Counsel for defendants, in support of their contention that the judgment should be affirmed, say: “The record supports the trial court’s finding that the defendants did not have the specific intent required by the statute, and any intent the agent Palke may have had not to deliver or receive the grain in question may not be imputed to the defendants.” This was the sole ground on which the court based its decision. In rendering Ms opinion, the court, in deciding the case said: “In addition to the penalty for the violation, there is a civil remedy also provided for. But the act is penal in its character, and even though the action is a civil one, it is a civil action based upon a penal statute, a statute which clearly prescribes the penalty for, and declares it to be a crime for any broker to do the things prohibited by that statute.

“You deal with the subject of agency, and involved in that subject is whether or not the agent had either express authority or implied authority. The implied authority might come from the acts committed that are within the apparent scope of his authority.

“Now, his authority, express authority, has been defined here, about which there is no dispute. Mr. Smith [one of the defendant partners] testified precisely to what Palke’s authority was as a customer’s man, or salesman. . . . There is never any implied authority to an agent to commit a crime. ’ ’

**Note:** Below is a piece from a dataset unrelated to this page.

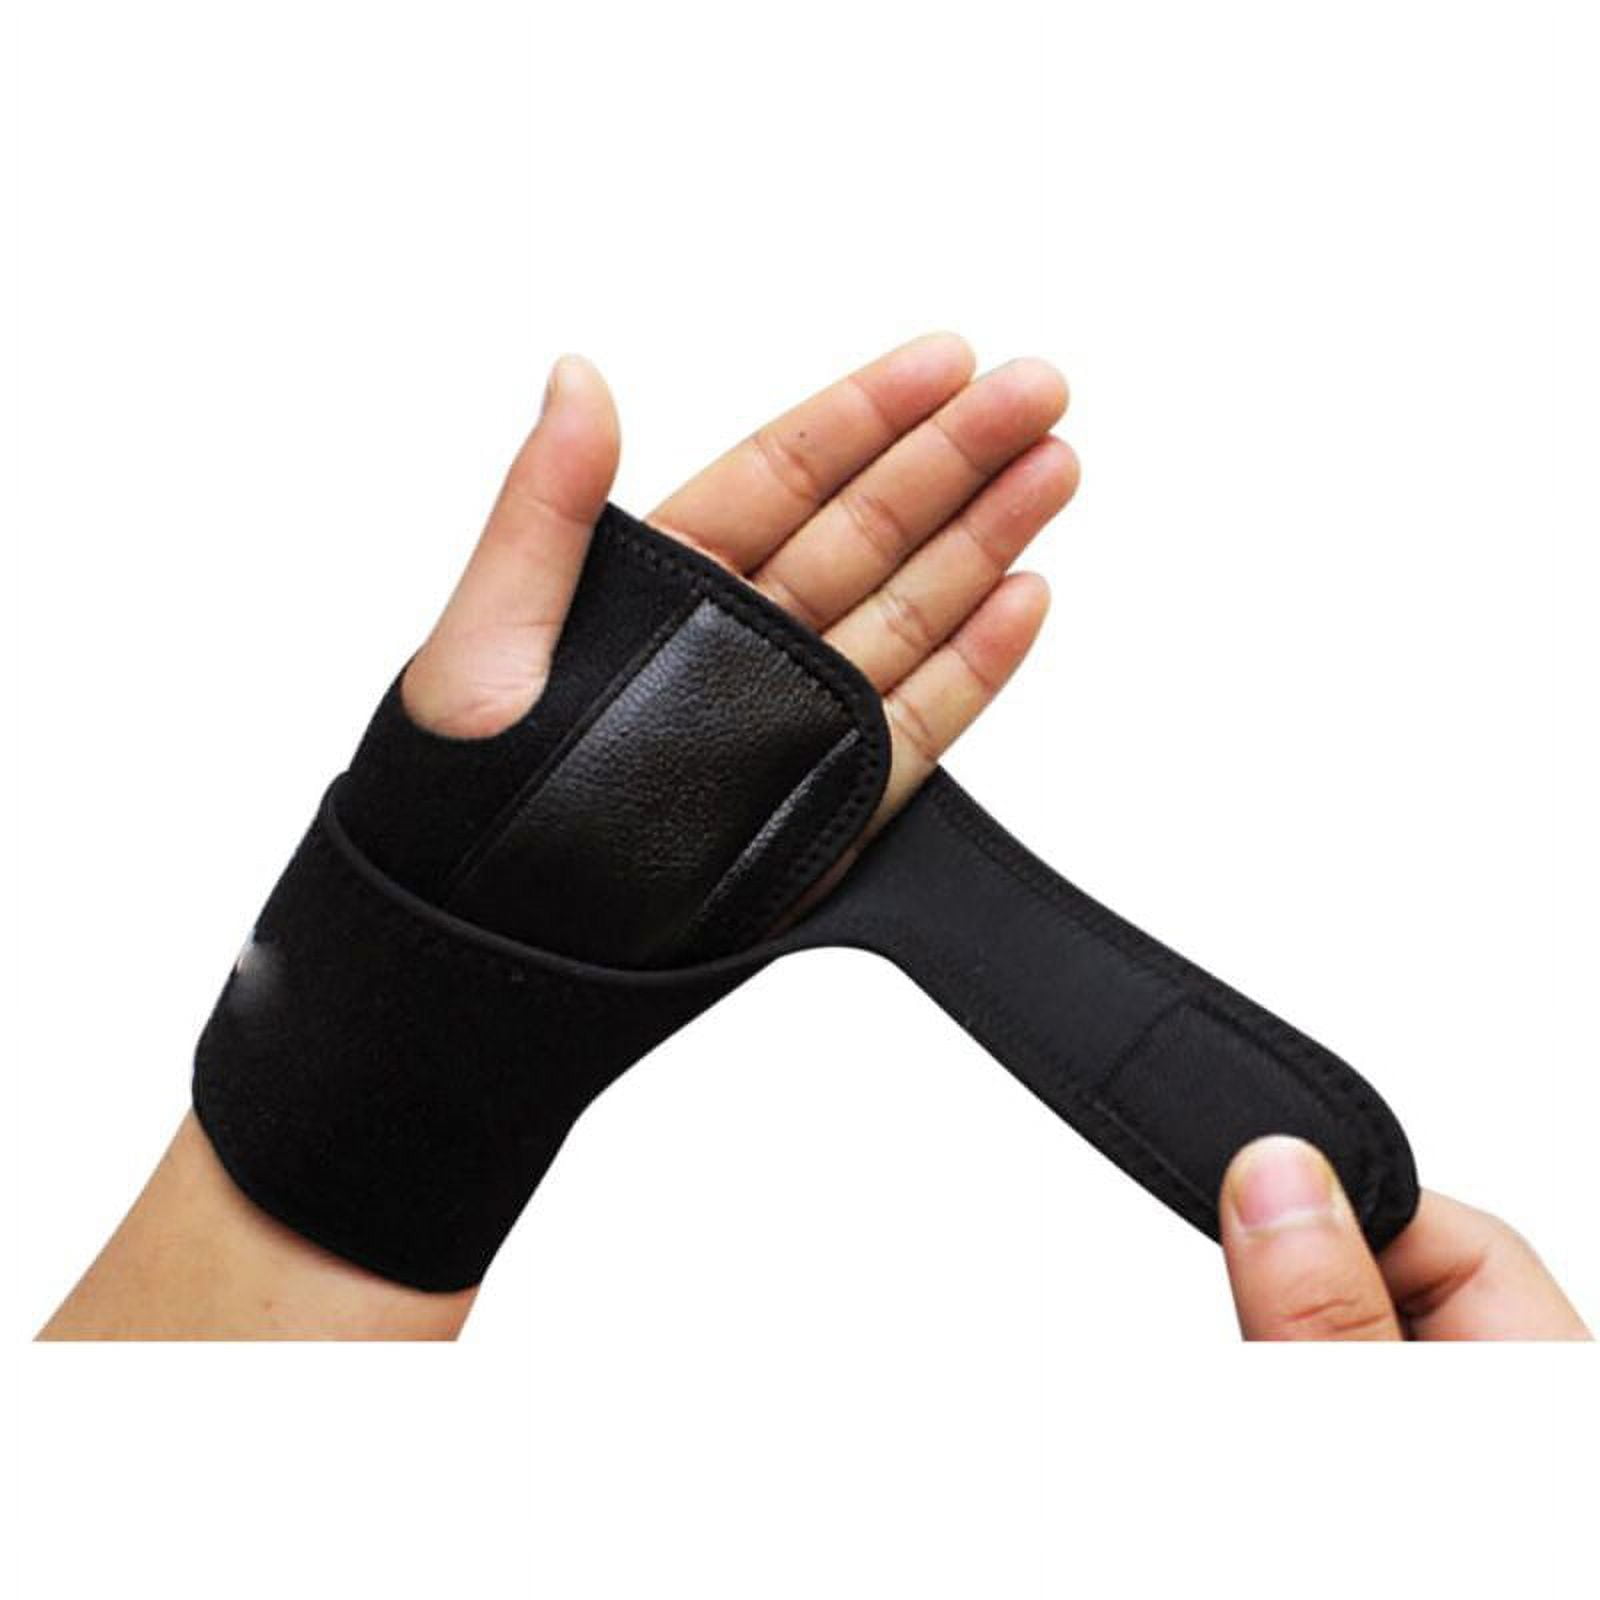 Thumb Spica Splint & Wrist Brace Both A Wrist Splint And Thumb Splint To  Support Sprains, Tendinosis, De Quervain's

We think the holding was wrong. Defendants cannot escape liability on the ground that plaintiff dealt with their agent and not directly with one of the members of the firm. Palke’s knowledge was imputable to defendants, his employers. Powell v. McCord, 121 Ill. 330; Weare Commission Co. v. People, 209 Ill. 528; Ohlendorf v. Bennett, 241 Ill. App. 537; Lamson v. West, 201 Ill. App. 251; Hyman & Co. v. Hay, 277 Fed. 898. We think the evidence shows that what Palke did in connection with his dealings with plaintiff was what he was hired to do.

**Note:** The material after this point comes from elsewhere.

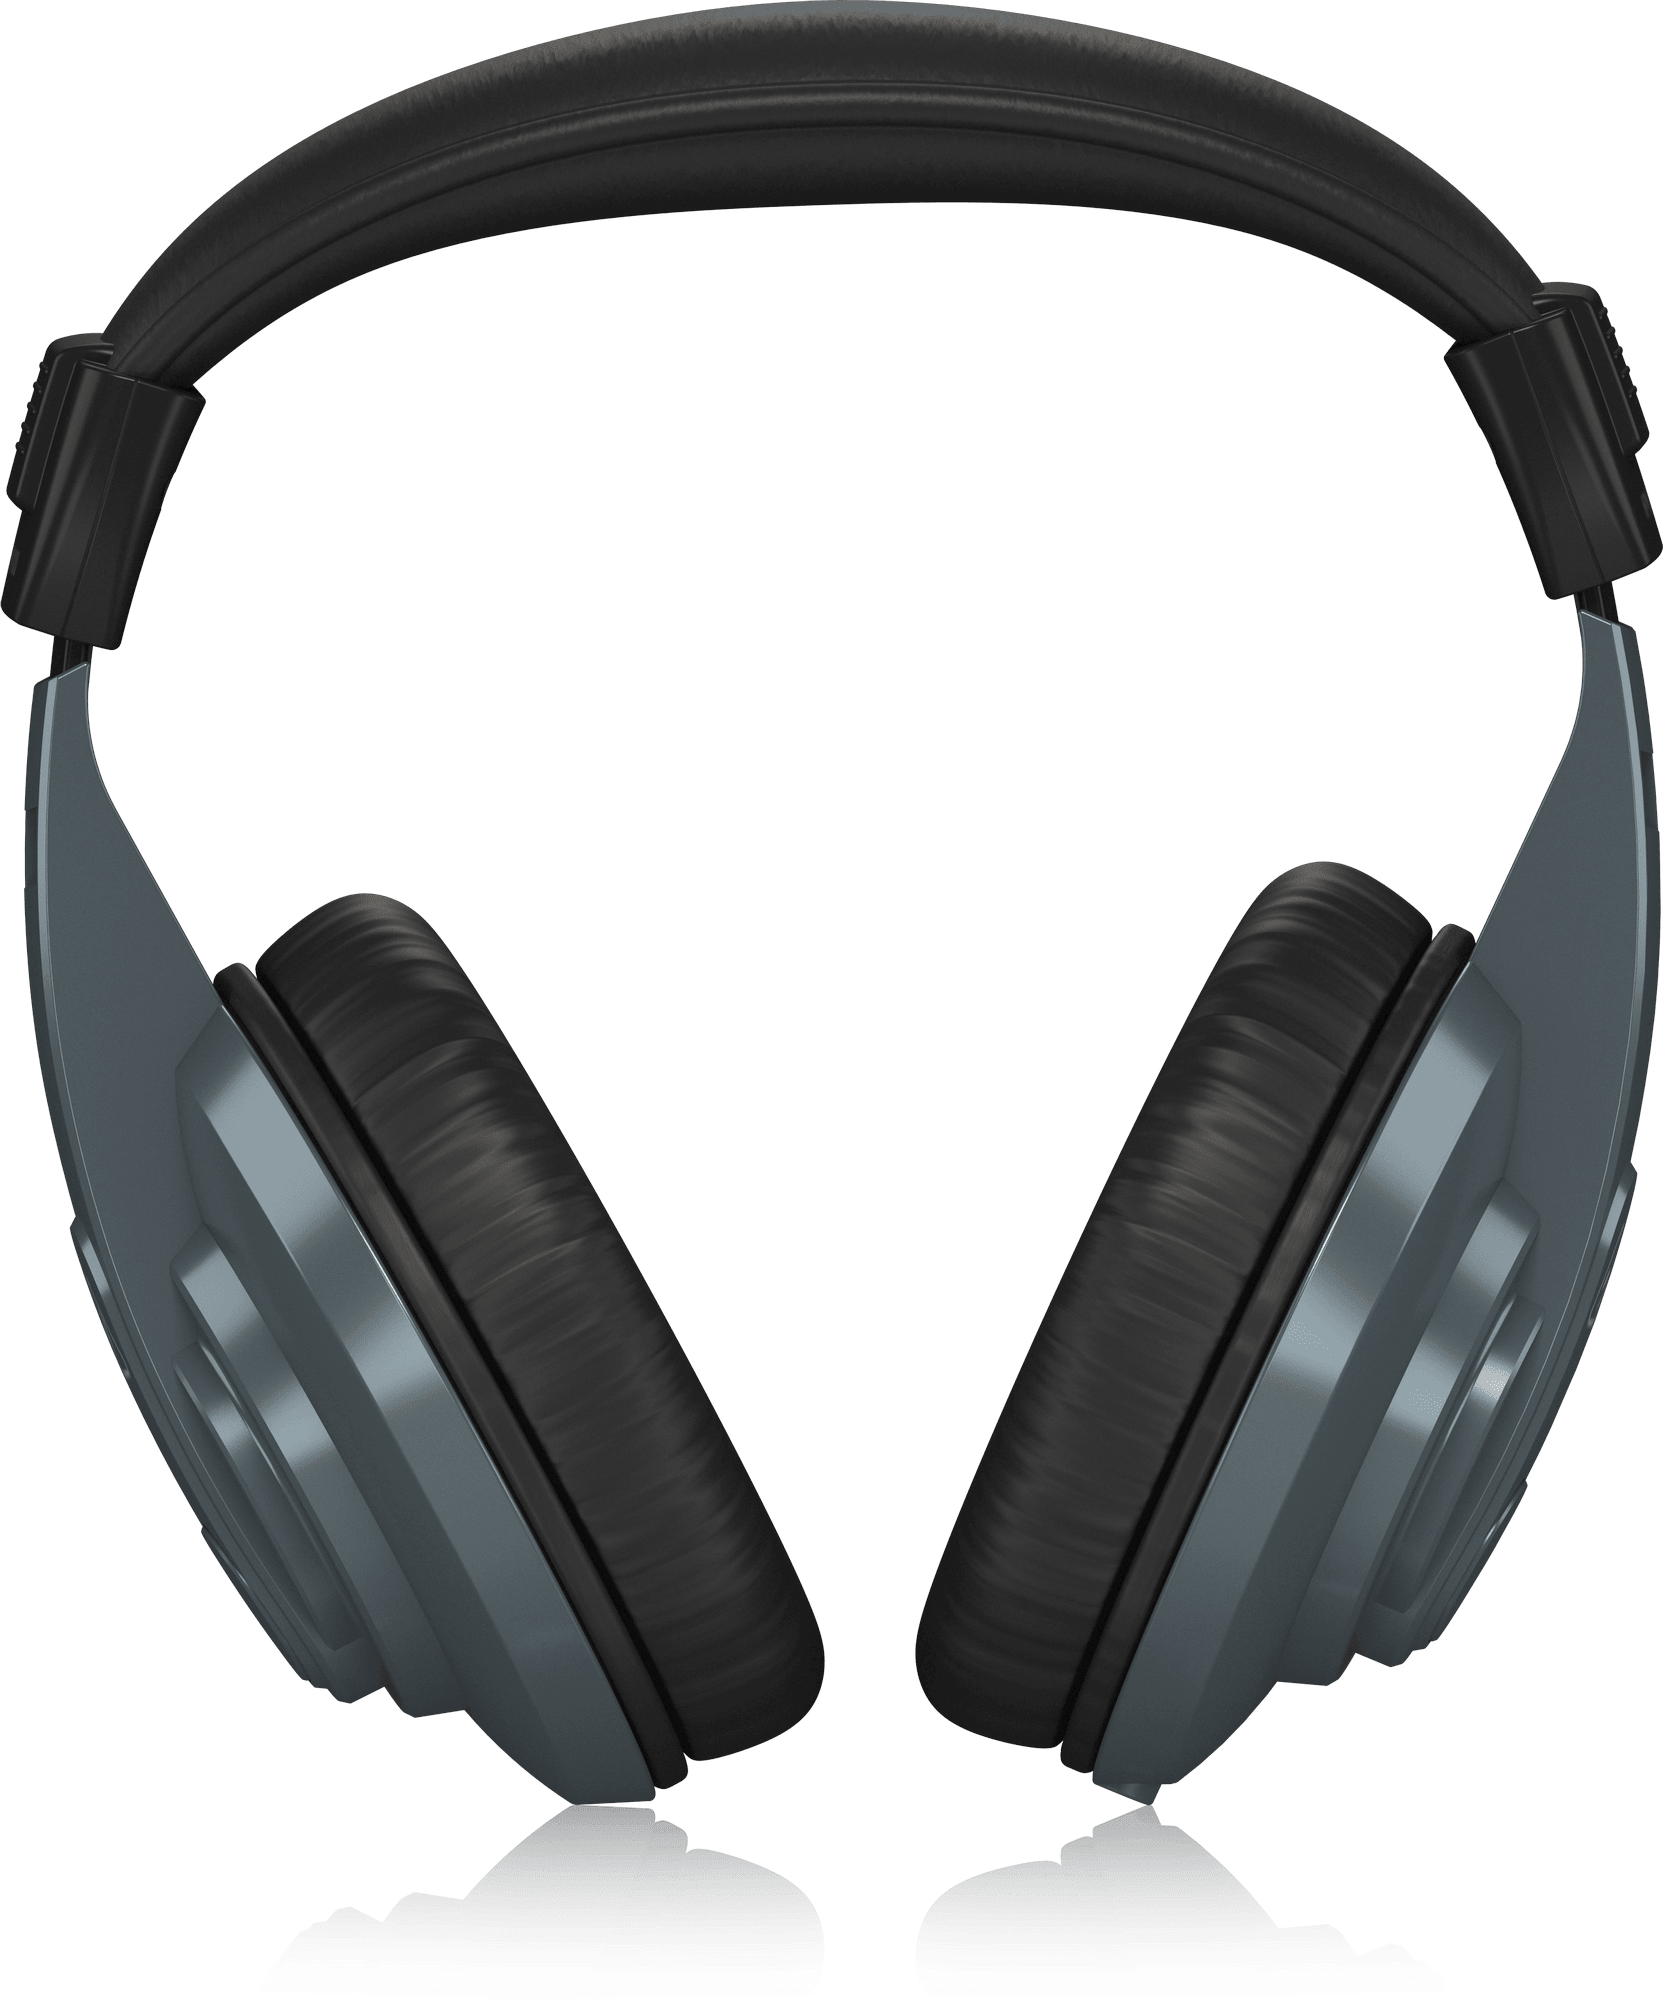 Behringer HPM1100 Multi-Purpose Headphones | BEHRINGER , Zoso Music

In Richter v. Empire Trust Co., 20 F. Supp. 289, the Umted States District Court of New York held that sec. 132 was not penal but remedial in its nature. The court there said: “Although the Illinois statute is part of the penal law of that state, it is not penal but remedial in character in so far as it gives the loser the right to recover back the money lost at gaming. As the Supreme court has said in Huntington v. Attrill, 146 U. S. 657, at page 667,13 S. Ct. 224, 227, 36 L. Ed. 1123:

“ ‘Penal laws, strictly and properly, are those imposing punishment for an offense committed against the state, and which, by the English and American constitutions, the executive of the state has power to pardon. Statutes giving a private action against the wrong’doer are sometimes spoken of as penal in their nature, but in such cases it has been pointed out that neither the liability imposed nor the remedy given is strictly penal.
“ ‘The action of an owner of property against the hundred to recover damages caused by a mob was said by Justices Willes and Buller to be “penal against the hundred, but certainly remedial as to the sufferer.” Hyde v. Cogen, 2 Dougl. 699, 705, 706. A statute giving the right to recover back money lost at gaming, and, if the loser does not sue within a certain time, authorizing a qui tarn action to be brought by any other person for three-fold the amount, has been held to be remedial as to the loser, though penal as regards the suit by a common informer. ’ ”

For the reasons stated, the judgment of the circuit, court of Cook county is reversed and the cause remanded, for further proceedings in accordance with the views herein expressed.

Reversed and remanded.

Hatchett, P. J., and HcSurely, J., concur.